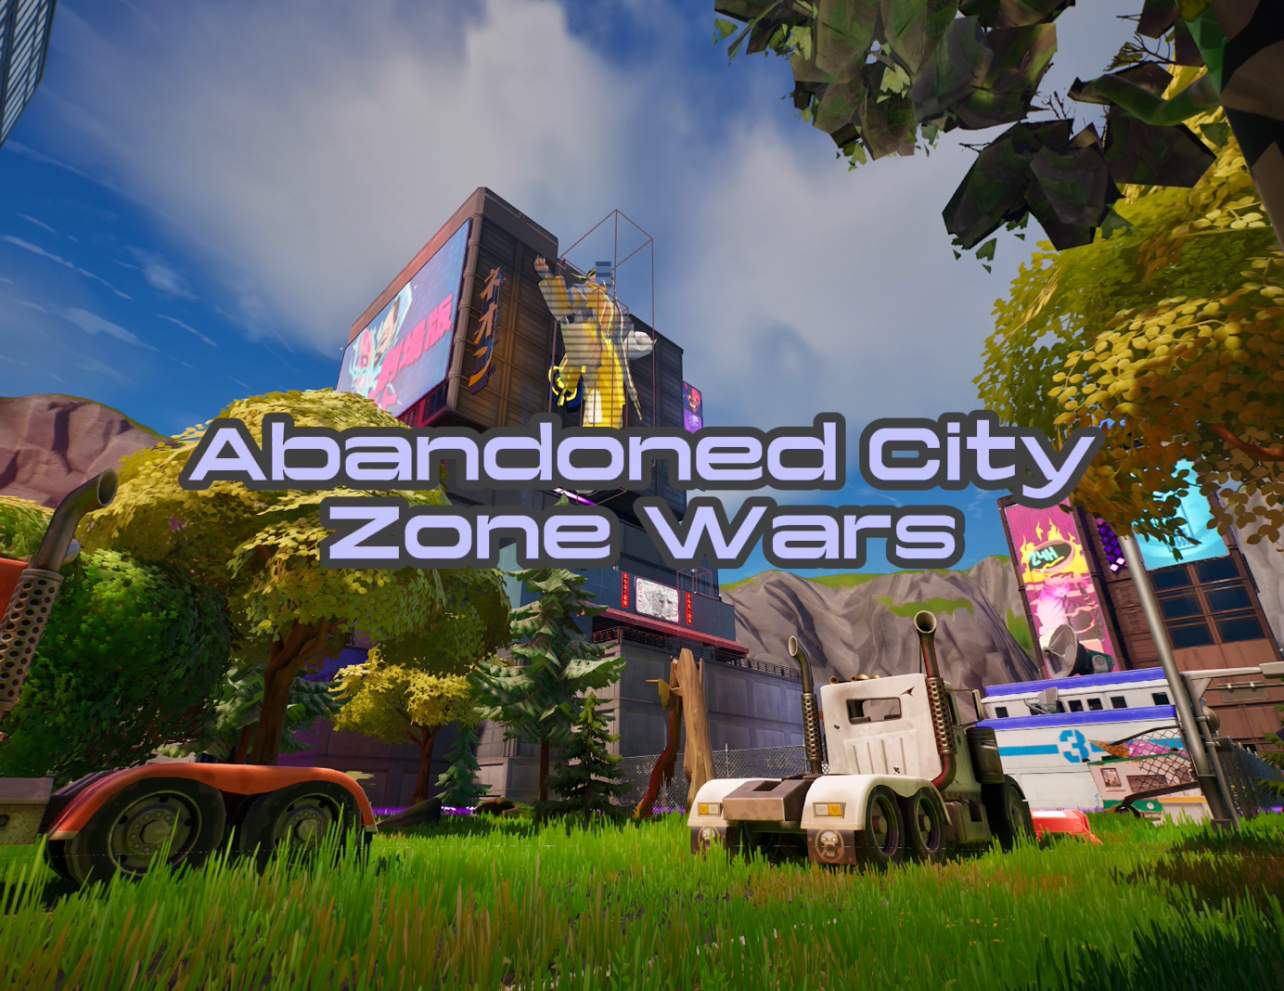 Abandoned City Zone Wars image 3
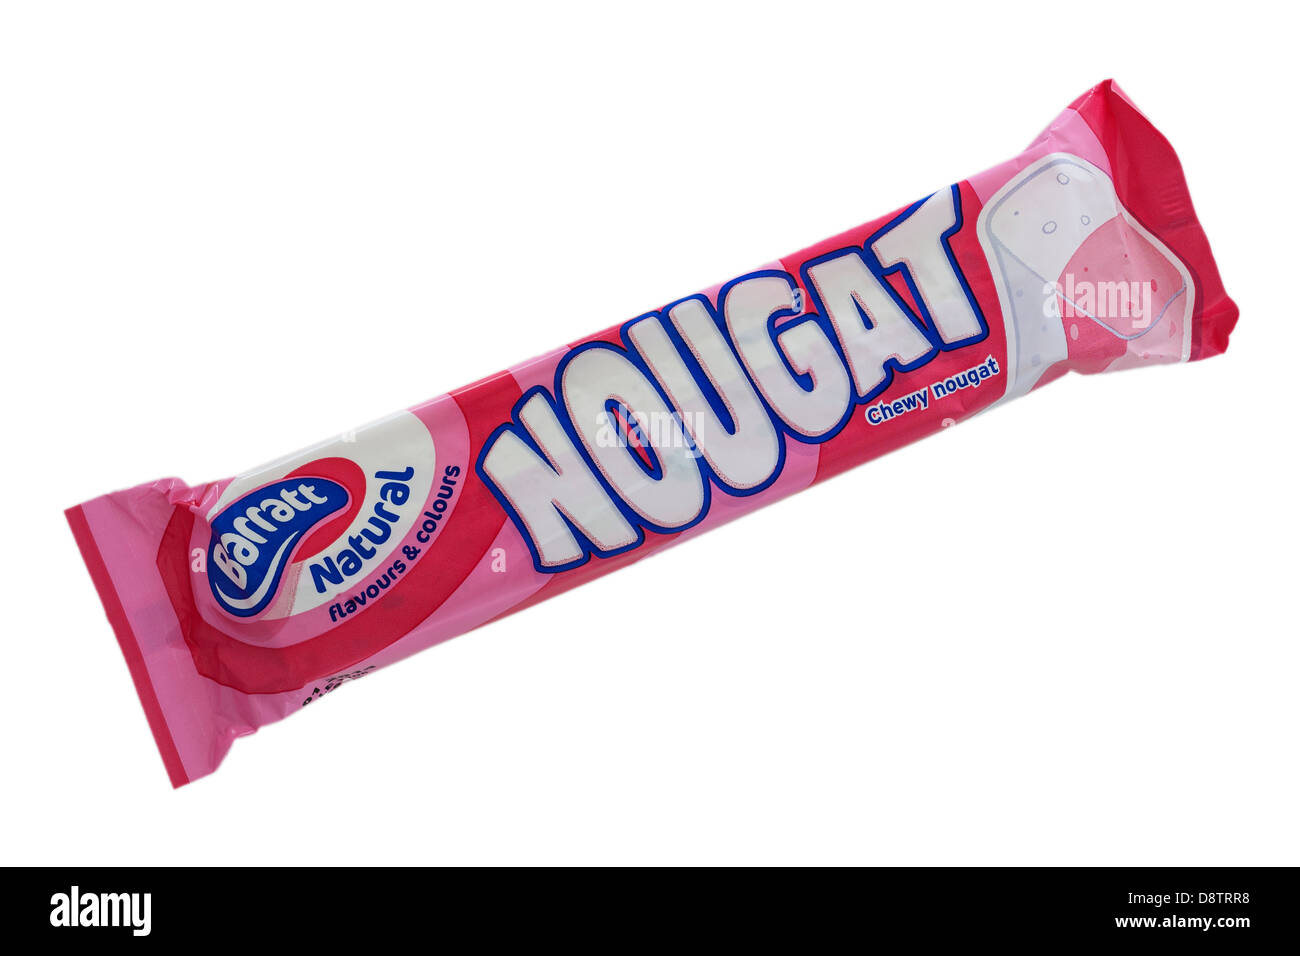 Un Barratt torrone naturale candy bar su sfondo bianco Foto Stock
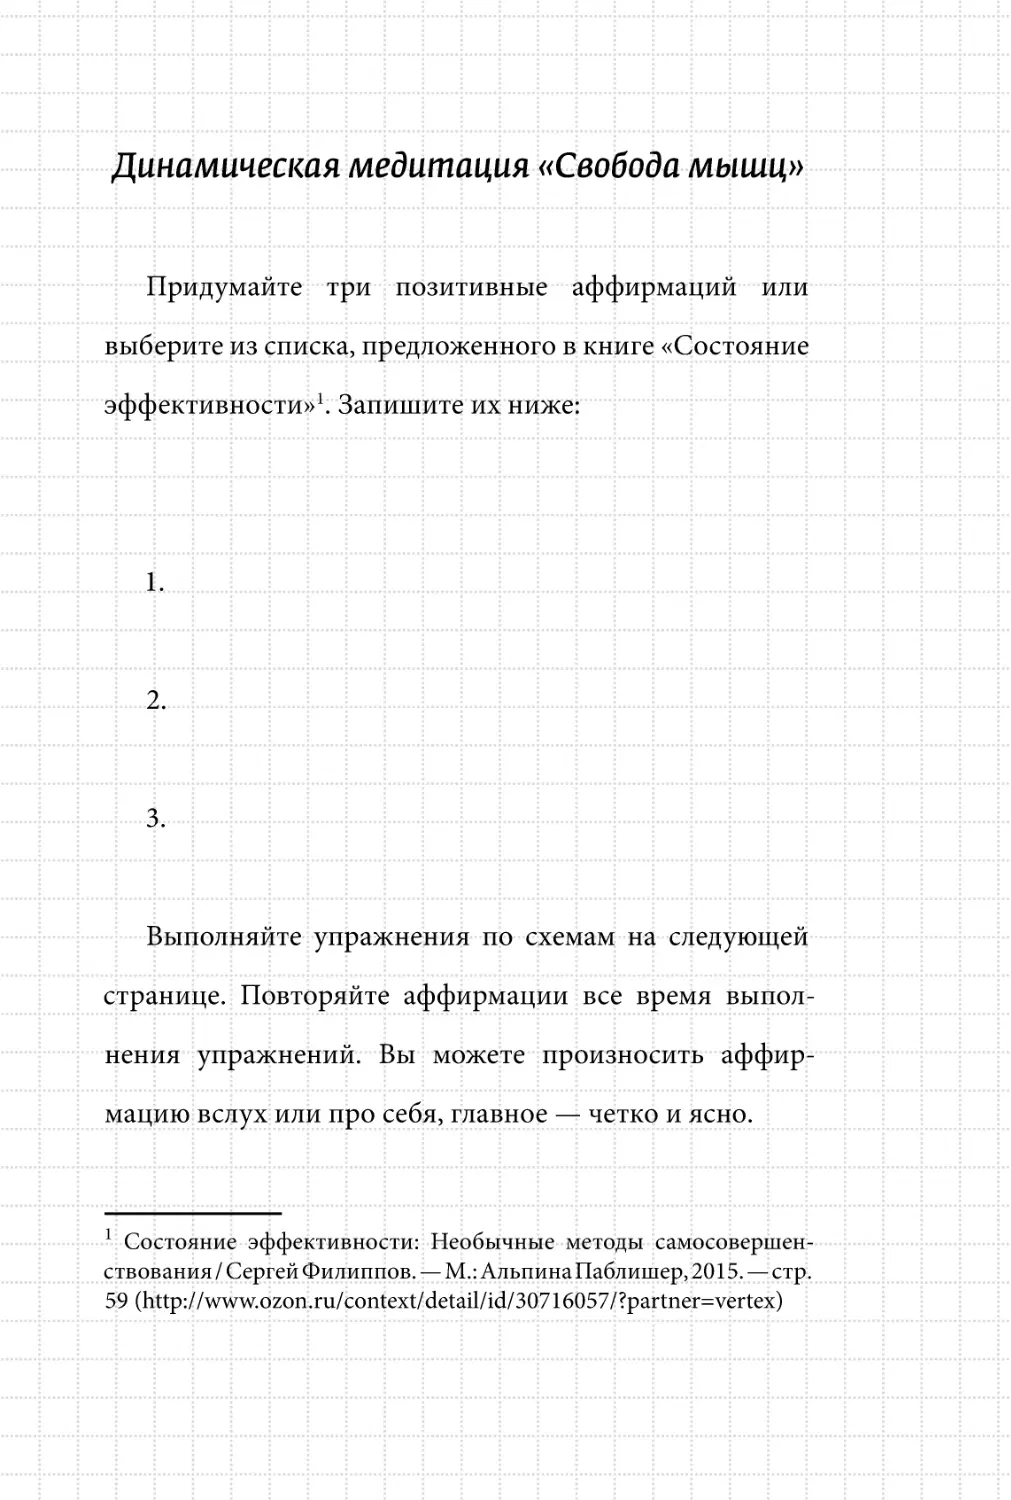 Sergey_Filippov_Dnevnik_samorazvitia_Evolyutsia_Vnutrennego_Sostoyania_59.pdf (p.59)

◆ TASK ITEM
Each word of the data should be repeated exactly, and the pictures left out.

◆ TASK SOLUTION
 Abandoned City Zone Wars image 3
 Un Barratt torrone naturale candy bar su sfondo bianco Foto Stock
 Sergey_Filippov_Dnevnik_samorazvitia_Evolyutsia_Vnutrennego_Sostoyania_59.pdf (p.59)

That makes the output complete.